Therapy and other specialists

Rehabilitation Specialists

Rehabilitation Specialists monitor medical issues following the injury. They usually follow the individual through hospital and then follow them up through outpatient clinic appointments. They are able to provide legal reports.


Nurses work closely with the individual in hospital. They get to know the individual very well and often express individual concerns to the rest of the Team. Nurses work to maintain the wellbeing of the individual in the hospital setting. Community nurses generally have specific tasks. For example, changing dressings and giving injections. They liaise with the local doctor.

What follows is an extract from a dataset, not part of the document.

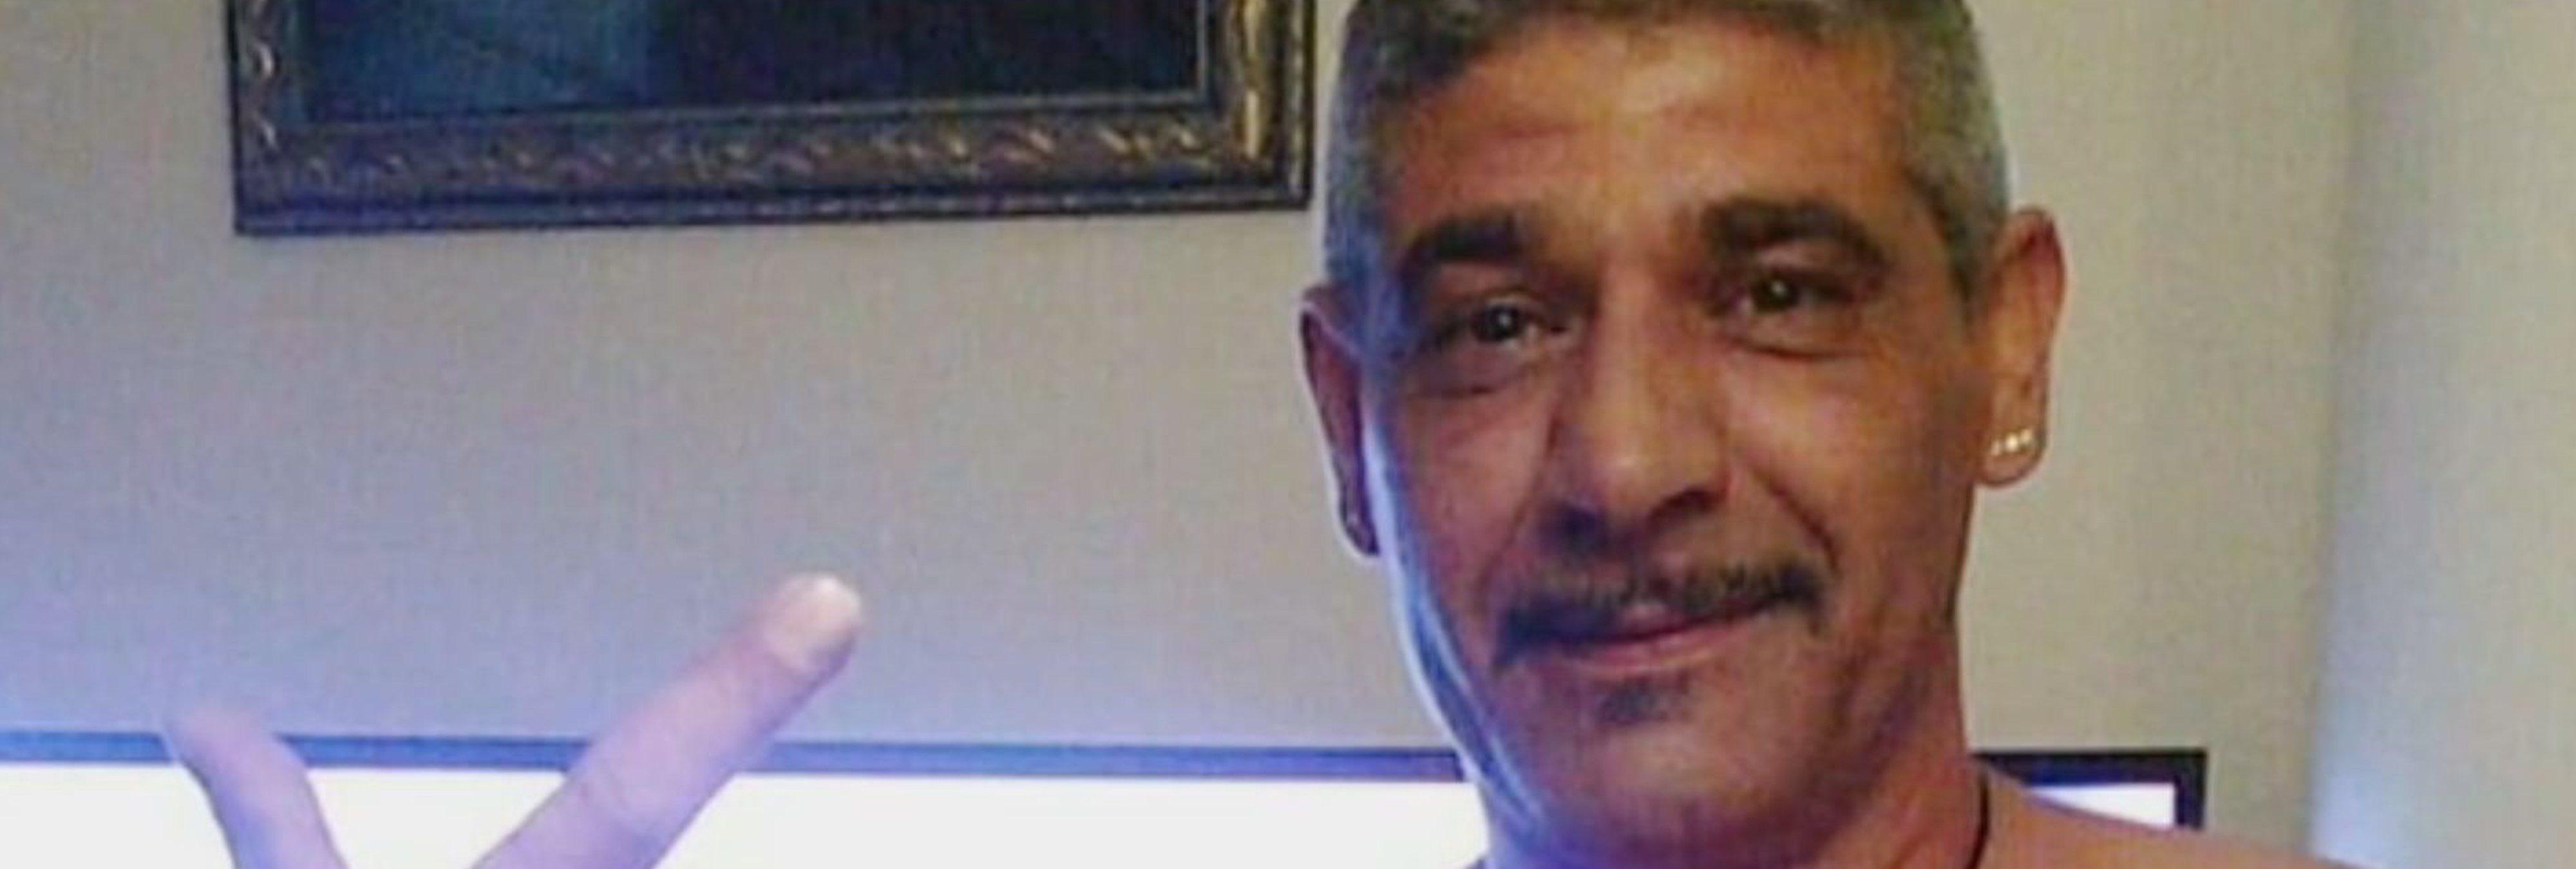 Bernardo Montoya podría quedar en libertad ya que no grabaron su confesión

Physiotherapists work with the individual to maximise physical functioning and maintain joint integrity and muscle length. The individual usually spends time working with the physiotherapist in the gymnasium, at home and in the community. Physiotherapists may be involved in the rehabilitation process when the individual is in hospital and in the community.

Social Workers

Social Workers also work with the individual's family and help them to adjust to the individual's injury. They can be involved in legal and financial issues as well as injury claims and insurance. Social workers work with individuals and their families on a range of issues in the hospital and after discharge. They offer support and counselling to adjust to the many changes that can often arise from having had a brain injury. Social workers liaise with community services, government departments and other organisations such as insurance companies and solicitors to ensure the individual is informed of what is going on and their rights are protected.

Occupational Therapists

Occupational Therapists work with the individual to get them back to doing everyday activities. Occupational therapists look at what the individual was doing prior to their injury and what they will need to do when they leave hospital. The occupational therapist then works with the individual on regaining competence in these activities. It may be necessary for the individual to use adaptive equipment or make modifications to the home or work place to maximise the individual's independence. The occupational therapist will prescribe this equipment or environmental change. The occupational therapist will work with the individual in the hospital, home, community, workplace, school or educational institution and leisure environments.


Neuropsychologists use a number of tests to identify where the individual is having difficulty with their brain function. Areas neuropsychologists examine include attention, memory, speed of information processing, flexibility in thinking, manipulation of information, abstract thinking and general knowledge. This information is fed back to the Team and provides information regarding the extent and severity of the injury and areas where these difficulties may affect daily functioning.

Clinical Psychologists

Clinical Psychologists work with the individual on specific areas that limit their ability to get on with everyday life. This may include counselling, developing behaviour management and support programs where the clinical psychologist works with the individual on specific areas of their behaviour. Different areas may be stress management, sleep disturbances, anxiety, depression and anger management.

Recreation Officers

Recreation Officers work with the individual to identify leisure and recreation options the individual can do in both their home and community. The recreation officer liaises with educational institutions and community facilities to find activities that are meaningful to the individual and meet their individual needs.

Speech pathologists

Speech pathologists initially work in hospitals to recommend advice on eating, including swallowing and appropriate food consistencies. As recovery occurs they work with the individual on areas of language, expressing themselves, understanding information they are receiving and social skills. Speech pathologists also work with the individual beyond the hospital in the community, in individual and group situations.